** Opening PROVIDED MATERIAL block **
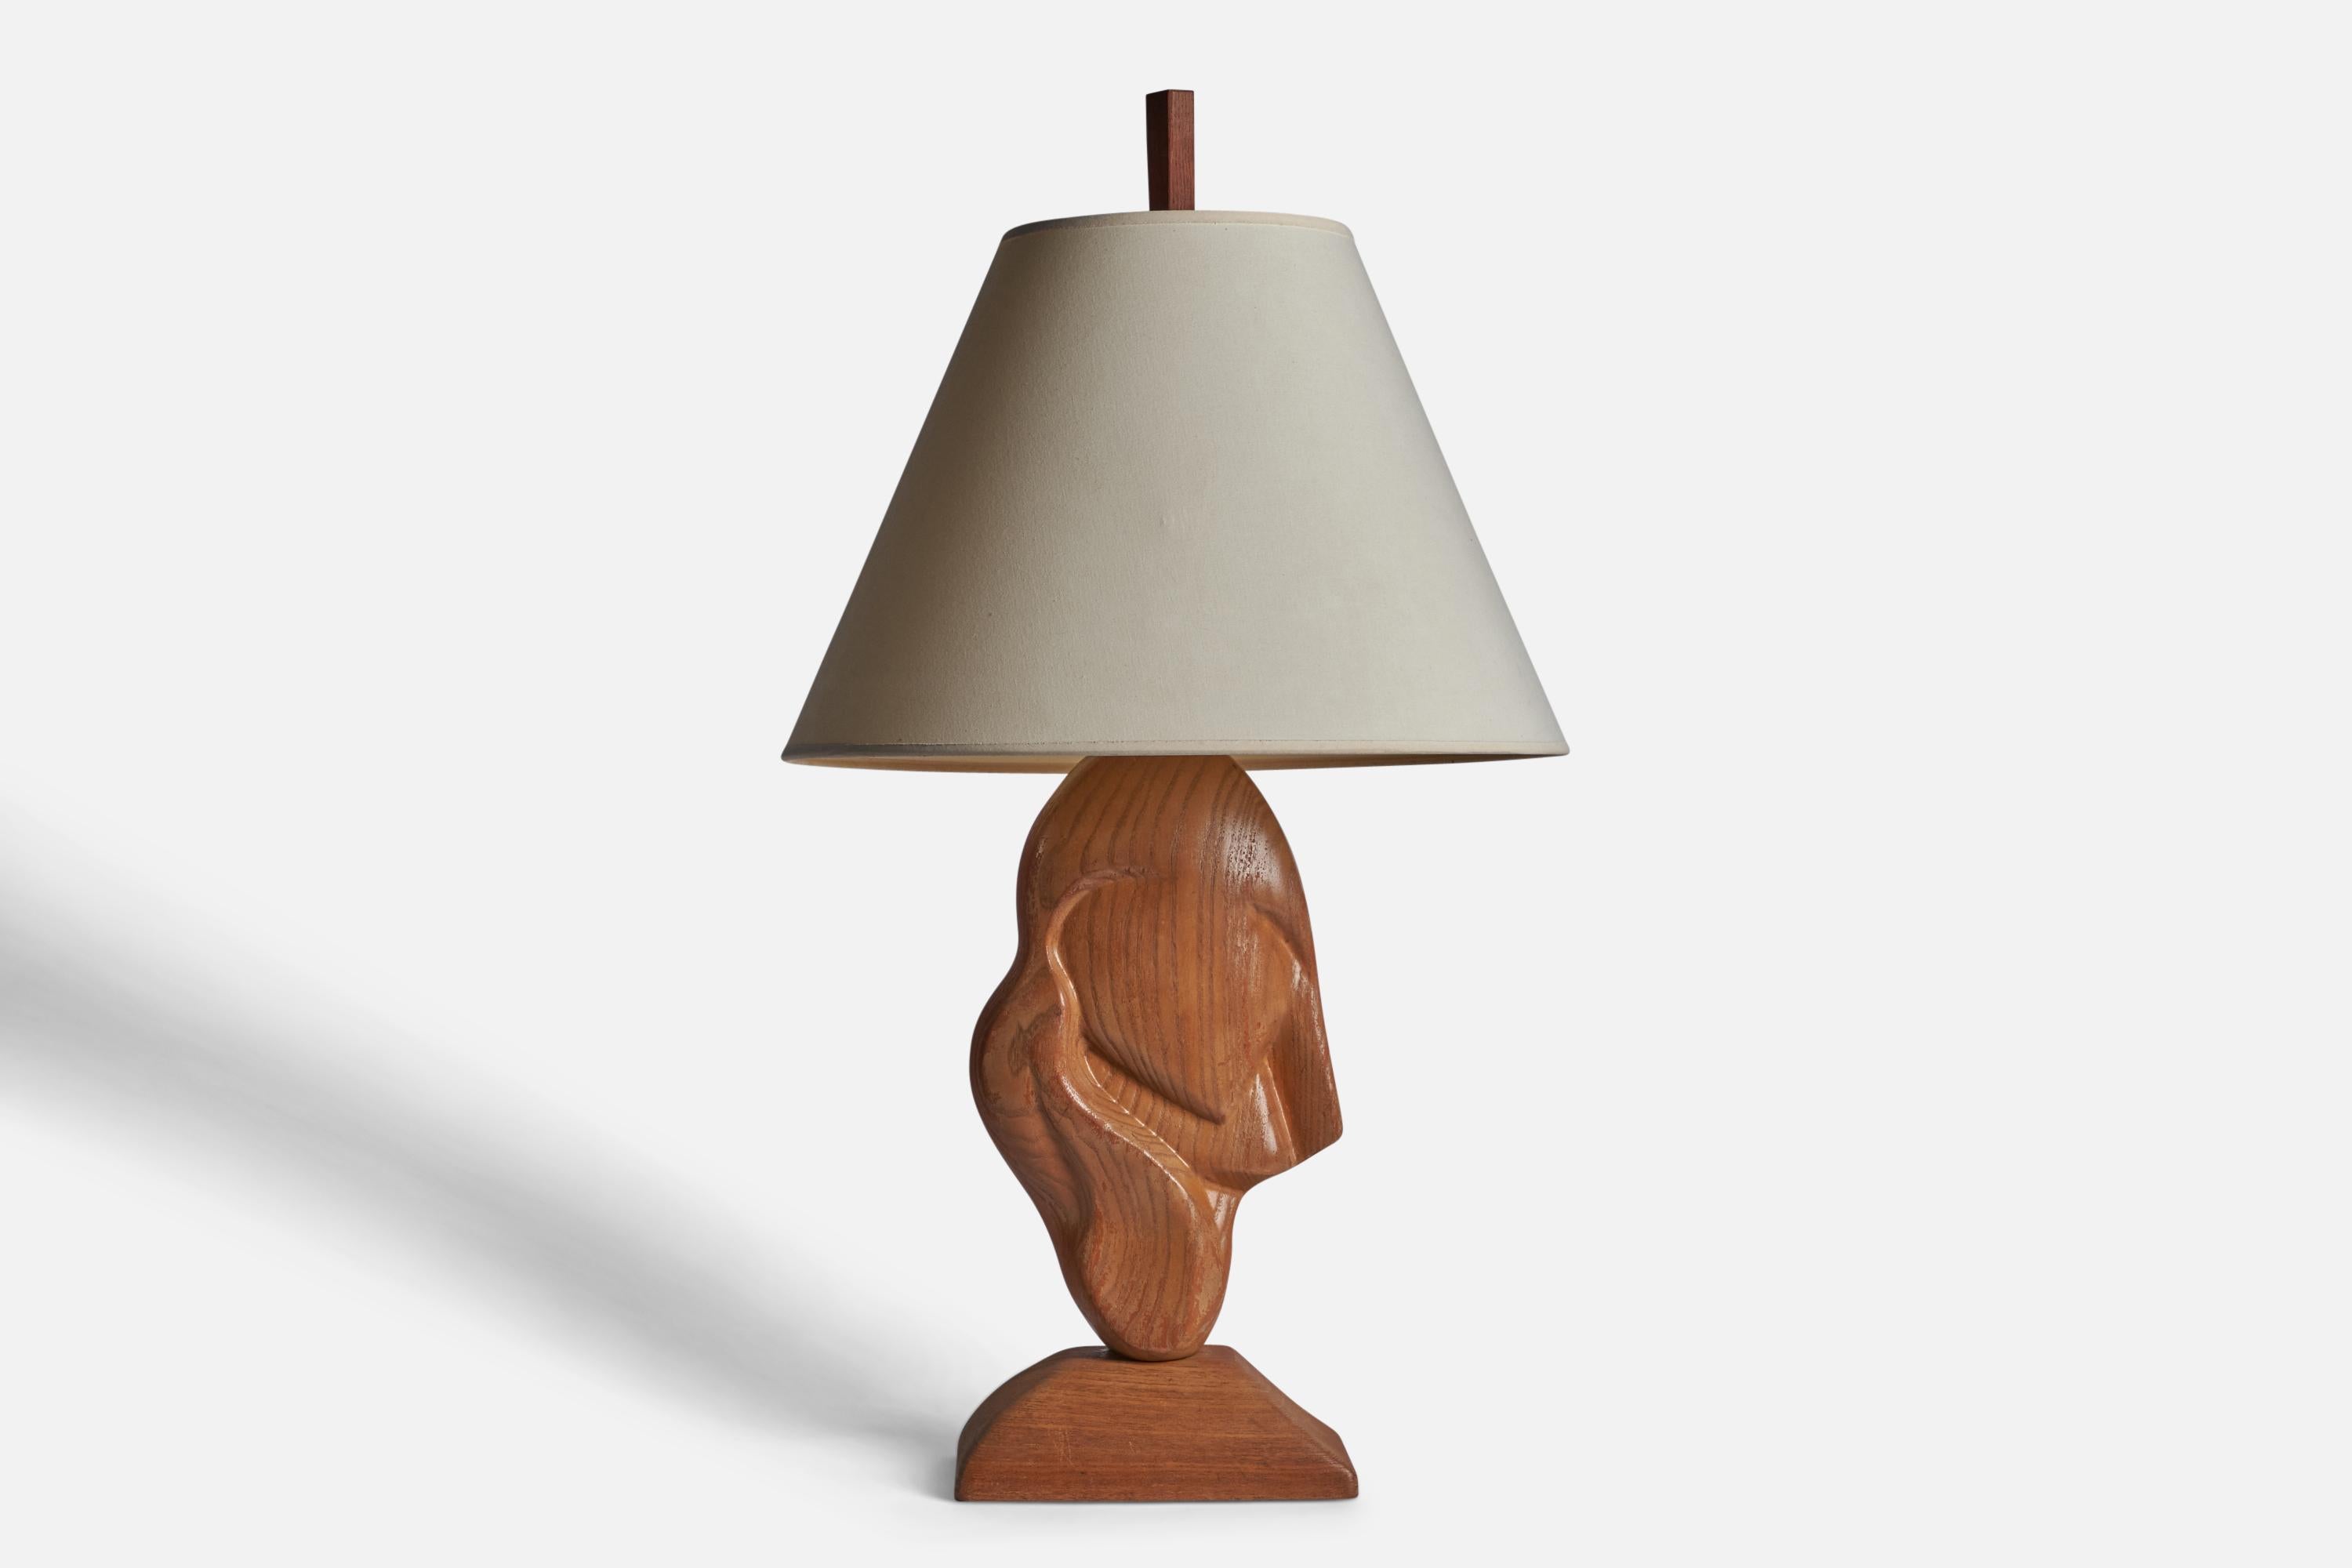 An oak and off-white fabric freeform table lamp designed and produced in the US, 1950s.

Overall Dimensions (inches): 32.5” H x 18” Diameter
Bulb Specifications: E-26 Bulb
Number of Sockets: 1
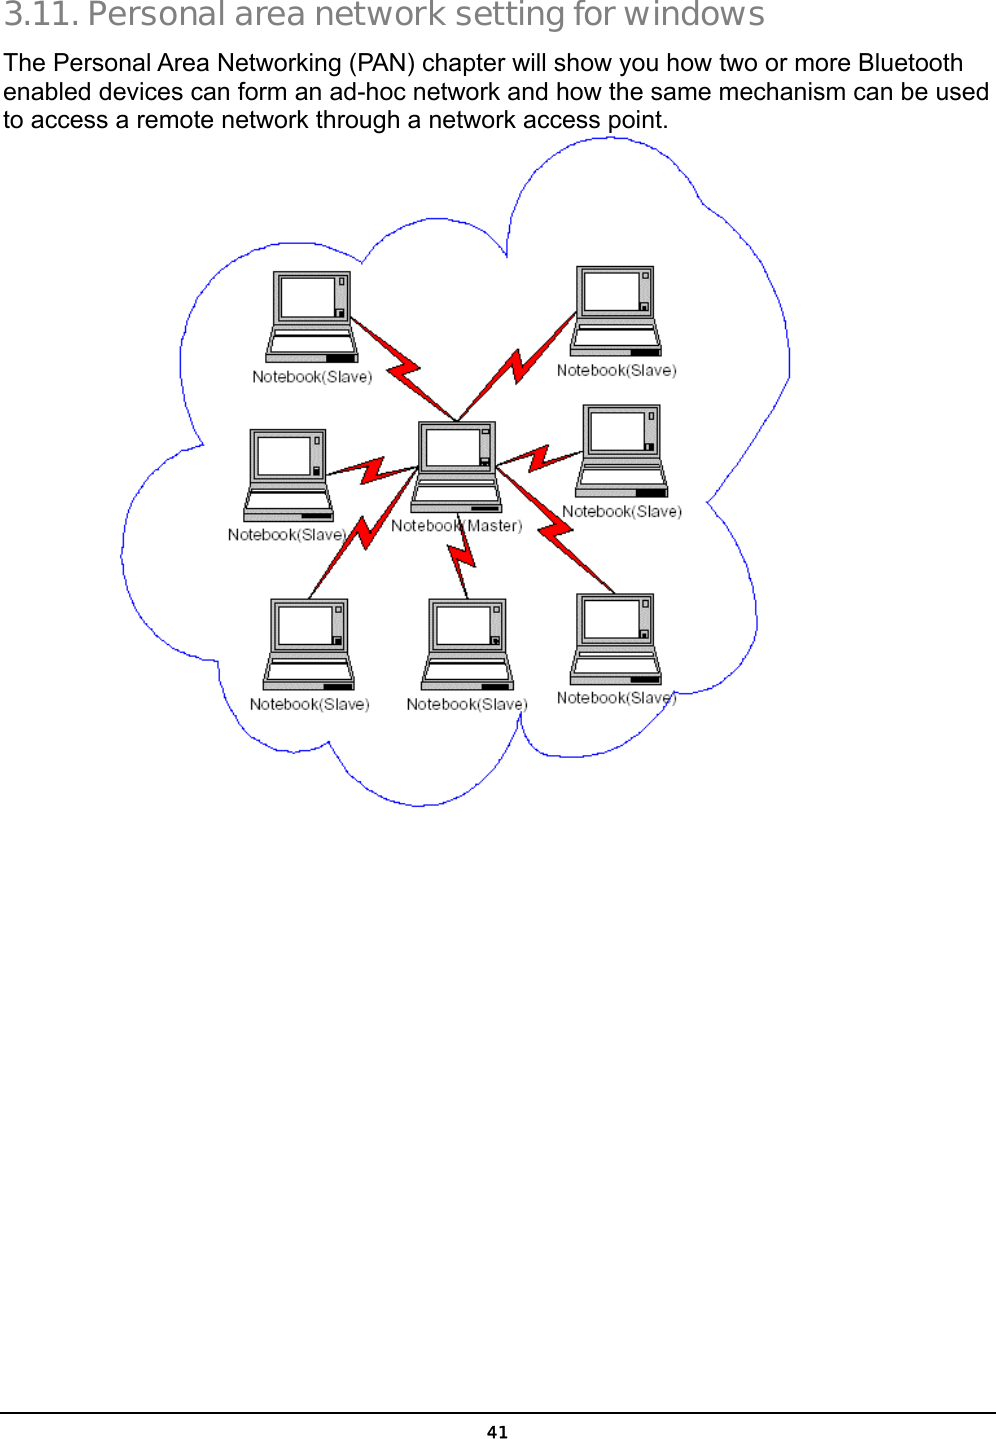  41 3.11. Personal area network setting for windows   The Personal Area Networking (PAN) chapter will show you how two or more Bluetooth enabled devices can form an ad-hoc network and how the same mechanism can be used to access a remote network through a network access point.   
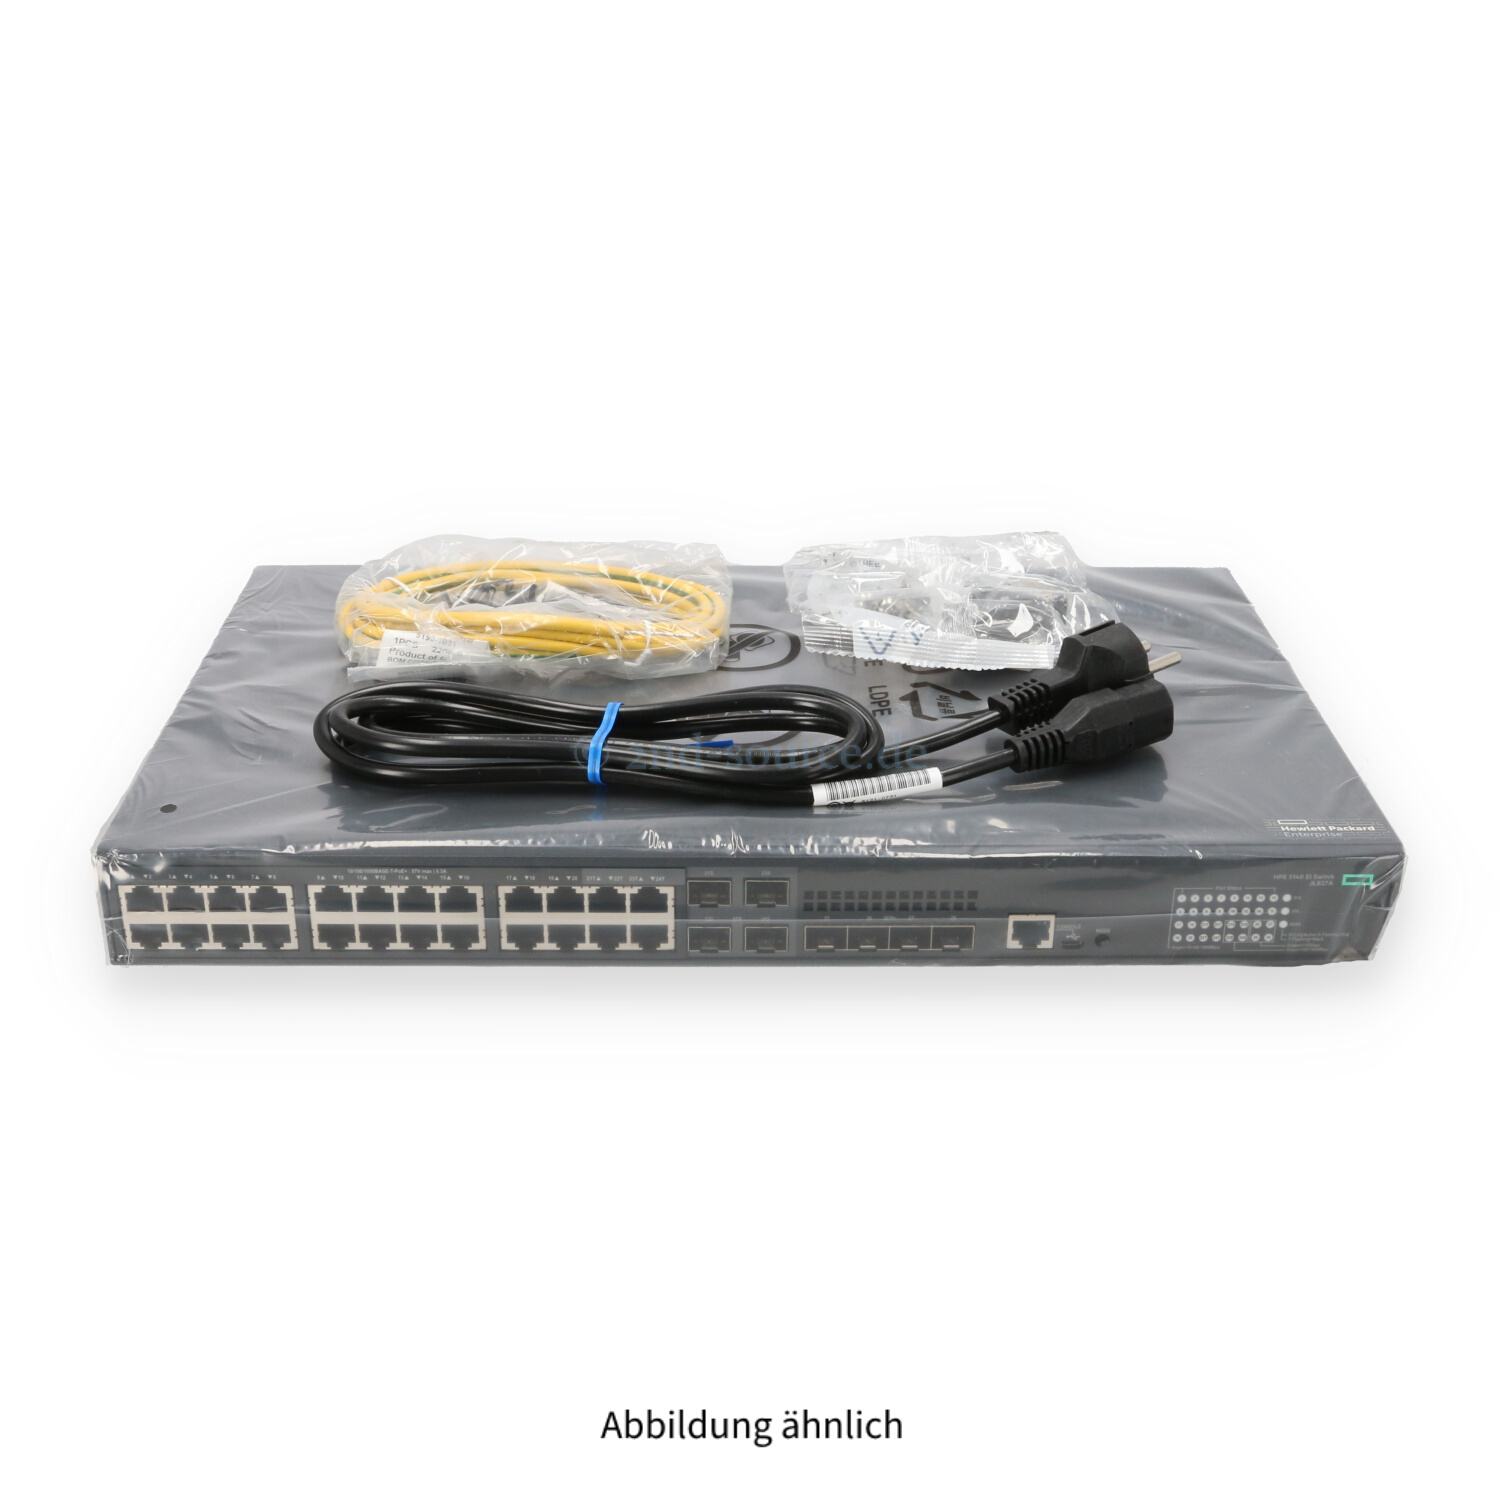 HPE FlexNetwork 5140-24G-SFP+ 24x 1GbE PoE+ 4x Dual-Personality 1GbE 4x SFP+ 10GbE Managed Switch JL827A JL827-61001
** Closing PROVIDED MATERIAL block **
Set the records down again exactly as given, and leave the pictures out.

YOUR SOLUTION:
 An oak and off-white fabric freeform table lamp designed and produced in the US, 1950s.

Overall Dimensions (inches): 32.5” H x 18” Diameter
Bulb Specifications: E-26 Bulb
Number of Sockets: 1
  41 3.11. Personal area network setting for windows   The Personal Area Networking (PAN) chapter will show you how two or more Bluetooth enabled devices can form an ad-hoc network and how the same mechanism can be used to access a remote network through a network access point.   
 HPE FlexNetwork 5140-24G-SFP+ 24x 1GbE PoE+ 4x Dual-Personality 1GbE 4x SFP+ 10GbE Managed Switch JL827A JL827-61001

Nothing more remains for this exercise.